The impact of \({\lambda _1}\) and \({\lambda _2}\) on the performance of the DARec model

In our model, the hyperparameters \({\lambda _1}\) and \({\lambda _2}\) are used to balance the supervised learning loss and unsupervised learning loss. In this study, we fixed the value of \({\lambda _2}\) to \(1{e^{ - 3}}\) and searched for the optimal value of \({\lambda _1}\) within the range of \(1{e^{ - 2}}\) to \(1{e^{ - 4}}\). From Table 6 , it can be observed that the model achieves the best performance when the value of \({\lambda _1}\) is \(1{e^{ - 4}}\). This indicates that smaller values of \({\lambda _1}\) reduce the impact of unsupervised learning on the embedding space, resulting in better recommendation performance.

Fig. 5
figure 5

The effects of step size and terminal integration time on the DARec model during the diffusion process in the Yelp2018 dataset.

Fig. 6
figure 6

The influence of step size and terminal integration time on the DARec model during the diffusion process in Amazon-book datasets.

Case study (RQ4)

Differing from SGL5, we abandoned two data augmentation methods, namely, node dropout and random walks, in the unsupervised learning task. We believe that these two data augmentation methods may not distinguish the importance of edges during model training, potentially leading to the random deletion of crucial information. This deficiency in capturing the structural attributes of the user-item interaction graph may result in suboptimal recommendation performance. Therefore, in the unsupervised learning task of DARec, we exclusively employ edge dropout for data augmentation, avoiding potential damage to the raw data of the user-item interaction graph and KG. This approach is conducive to better capturing the associative relationships between users and items. More importantly, it differs from the approach of solely applying data augmentation in unsupervised learning. We utilize the generative capability of the diffusion model for data augmentation in the supervised learning task. By integrating different data augmentation methods, the model can generate more diverse samples during training, thereby enhancing the model’s generalization ability. Therefore, DARec consistently achieves state-of-the-art recommendation results.

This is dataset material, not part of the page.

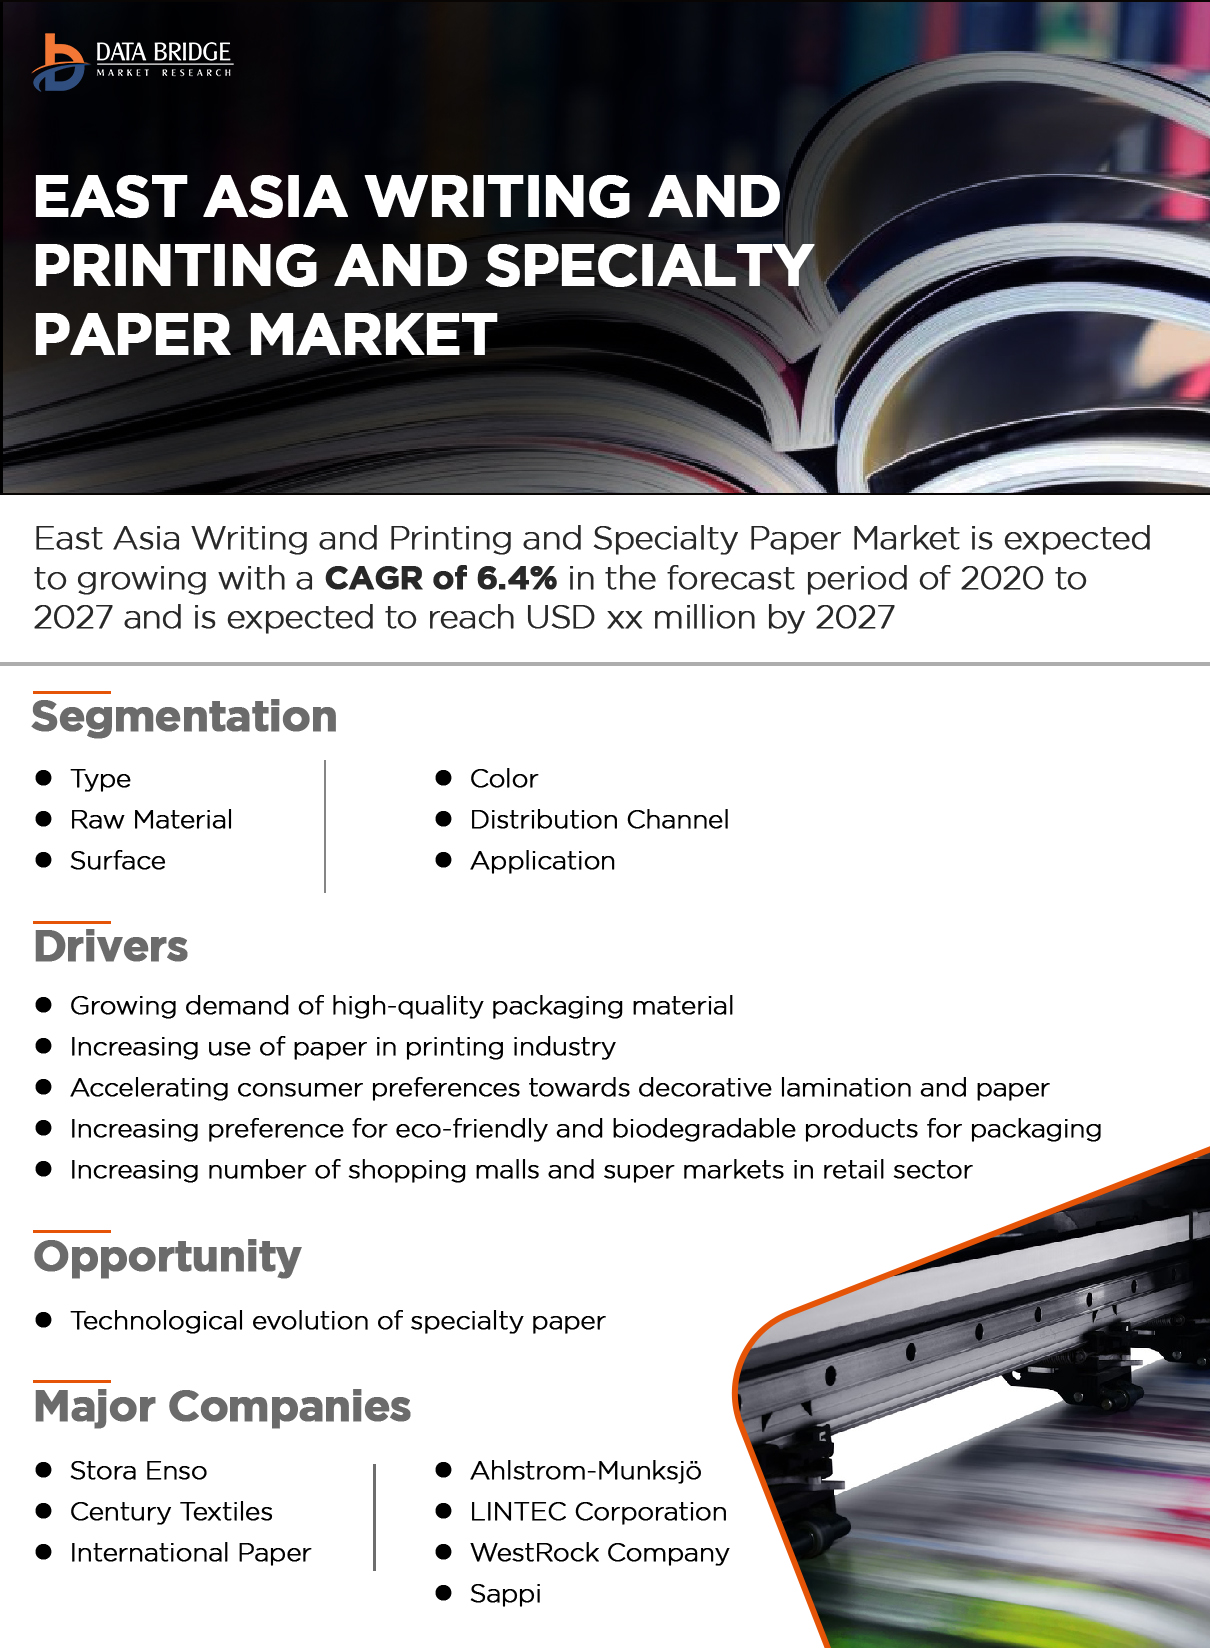 Middle East and Africa Writing and Printing and Specialty Paper Market

Table 5 The impact of Top-N on recommendation performance.
Fig. 7
figure 7

The recommendation performance of different N values on the three datasets.

Table 6 The impact of \({\lambda _1}\) on the performance of the DARec model.

Conclusion

In this paper, we designed a novel recommendation model called DARec. We perform data augmentation in the supervised learning task by utilizing diffusion on the interaction matrix, and our data augmentation approach in the supervised learning task does not compromise the structure of the interaction matrix. In the unsupervised learning task, we employ edge dropout for data augmentation, aiming to minimize potential disruptions to the interaction graph. Supervised learning can utilize existing labeled data to learn explicit relationships between users and items, thus enabling personalized recommendations. However, labeled data is often limited and may not cover all scenarios. In such cases, unsupervised learning can leverage unlabeled data to explore the underlying structure and features within the data, thereby enriching the knowledge base of RSs. By integrating two different data augmentation methods, the sparsity issue of labeled data in RSs can be addressed. Additionally, we leverage KG mining to discover associative information between entities, uncovering latent relationships hidden in user historical behaviors and item attributes. This aids the RS in a more accurate understanding of user interests and item features. Our unsupervised learning approach can model the similarity between users and items. When new users or items are introduced, they can be compared with other similar users or items. Therefore, this approach can generate more interpretable recommendations. The experiments conducted on three datasets indicate that DARec outperforms various state-of-the-art methods significantly.